Engineering epitaxial interfaces for topological insulator – superconductor hybrid devices with Al electrodes
Creators
-
Jalil, Abdur Rehman1, 2
*
- Schmitt, Tobias W.1, 2
-
Rüßmann, Philipp3, 4
*
- Wei, Xian-Kui5
- Frohn, Benedikt1, 2
- Schleenvoigt, Michael1, 2
- Wittl, Wilhelm1
- Hou, Xiao2, 6
- Schmidt, Anne1, 2
- Underwood, Kaycee1
- Bihlmayer, Gustav3
- Luysberg, Martina5
- Mayer, Joachim5, 6
- Blügel, Stefan3
- Grützmacher, Detlev3, 2
- Schüffelgen, Peter1, 2
- 1. Peter Grünberg Institute (PGI-9), Forschungszentrum Jülich, 52425 Jülich, Germany
- 2. JARA-FIT (Fundamentals of Future Information Technology), Jülich-Aachen Research Alliance, Forschungszentrum Jülich and RWTH Aachen University, 52425 Jülich, Germany
- 3. Peter Grünberg Institute (PGI-1), Forschungszentrum Jülich, 52425 Jülich, Germany
- 4. Institute for Theoretical Physics and Astrophysics, University of Würzburg, 97074 Würzburg, Germany
- 5. Ernst Ruska-Centre (ER-C) for Microscopy and Spectroscopy with Electrons, Forschungszentrum Jülich GmbH, 52425 Jülich, Germany
- 6. Central Facility for Electron Microscopy (GFE), RWTH Aachen University, 52074 Aachen, Germany
* Contact person
Description
Proximity-induced superconductivity in hybrid devices of topological insulators and superconductors offers a promising platform for the pursuit of elusive topological superconductivity and its anticipated applications, such as fault-tolerant quantum computing.

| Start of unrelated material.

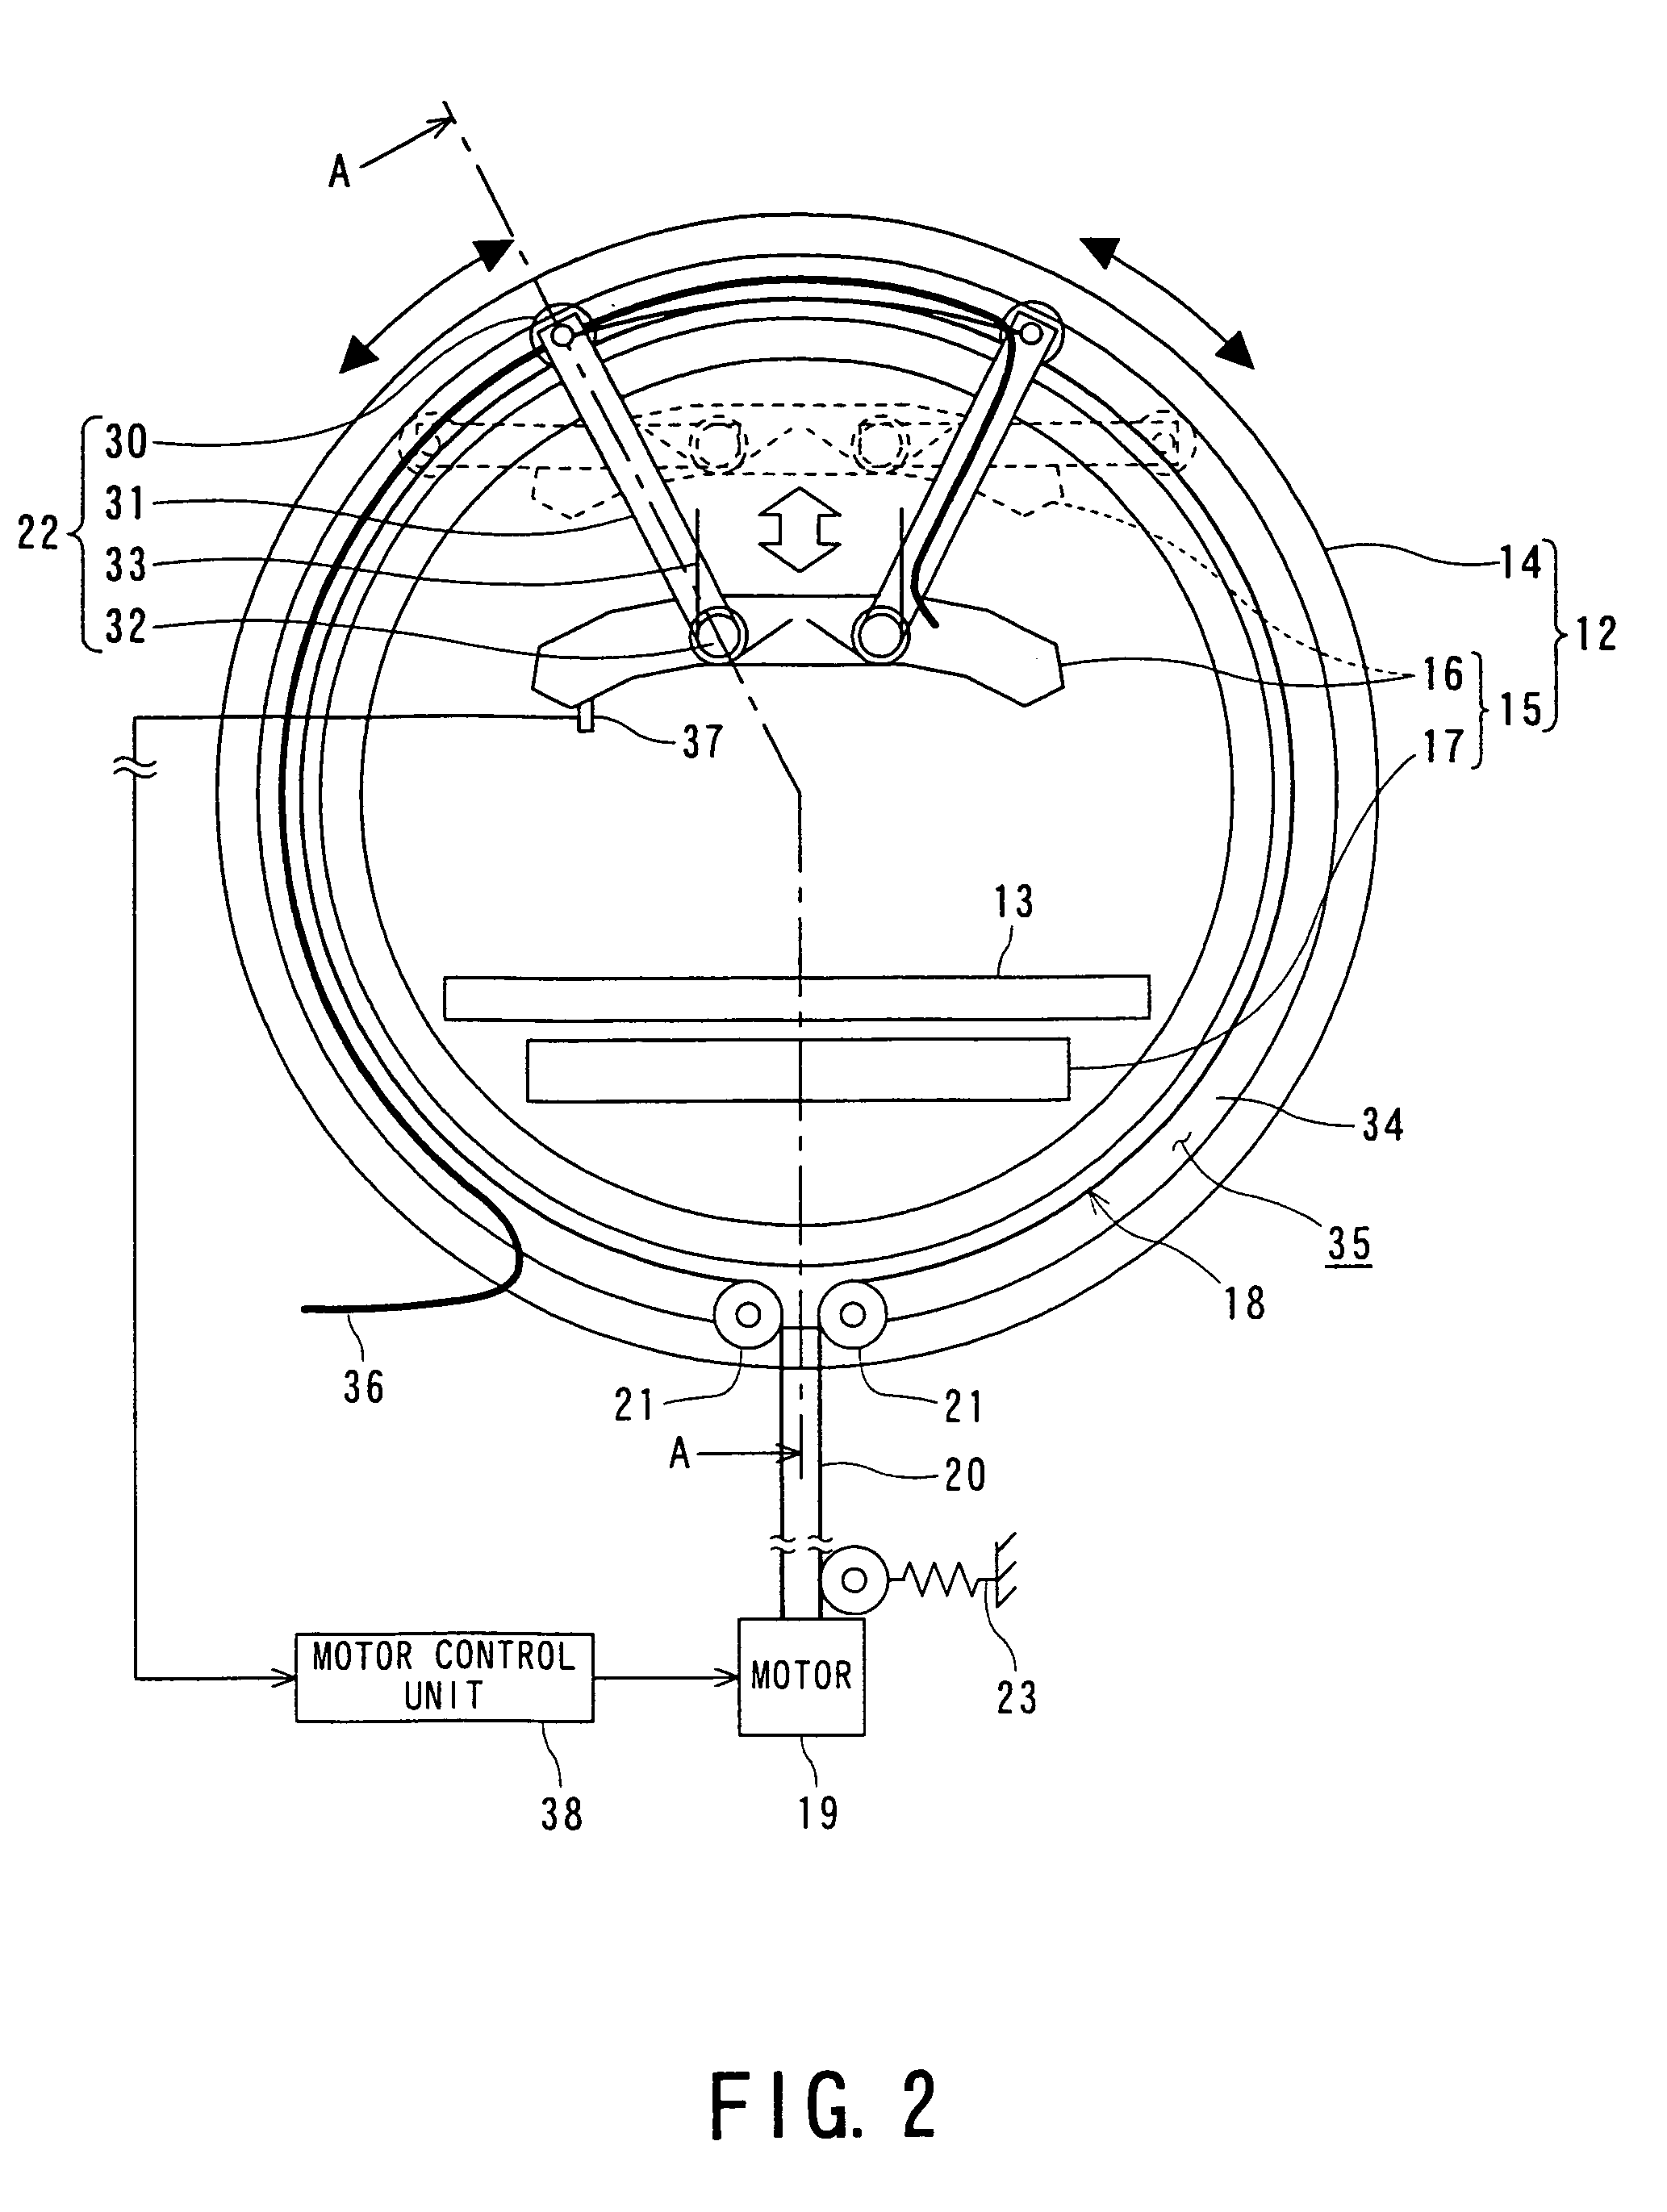 Magnetic resonance imaging apparatus with a movable RF coil having a controllable distance between the movable RF coil and an imaged body surface

To study and harness such hybrid devices, a key challenge is the realization of highly functional material interfaces with a suitable superconductor featuring 2e-periodic parity-conserving transport to ensure a superconducting hard-gap free of unpaired electrons, which is important for Majorana physics. A superconductor well-known for this characteristic is Al, however, its direct integration into devices based on tetradymite topological insulators has so far been found to yield non-transparent interfaces. By focusing on Bi₂Te₃-Al heterostructures, this study identifies detrimental interdiffusion processes at the interface through atomically resolved structural and chemical analysis, and showcase their mitigation by leveraging different interlayers – namely Nb, Ti, Pd, and Pt – between Bi₂Te₃ and Al. Through structural transformation of the interlayer materials (X) into their respective tellurides (XTe₂) atomically-sharp epitaxial interfaces are engineered and further characterized in low-temperature transport experiments on Al-X-Bi₂Te₃-X-Al Josephson junctions and in complementary density functional theory calculations. By demonstrating functional interfaces between Bi₂Te₃ and Al, this work provides key insights and paves the way for the next generation of sophisticated topological devices.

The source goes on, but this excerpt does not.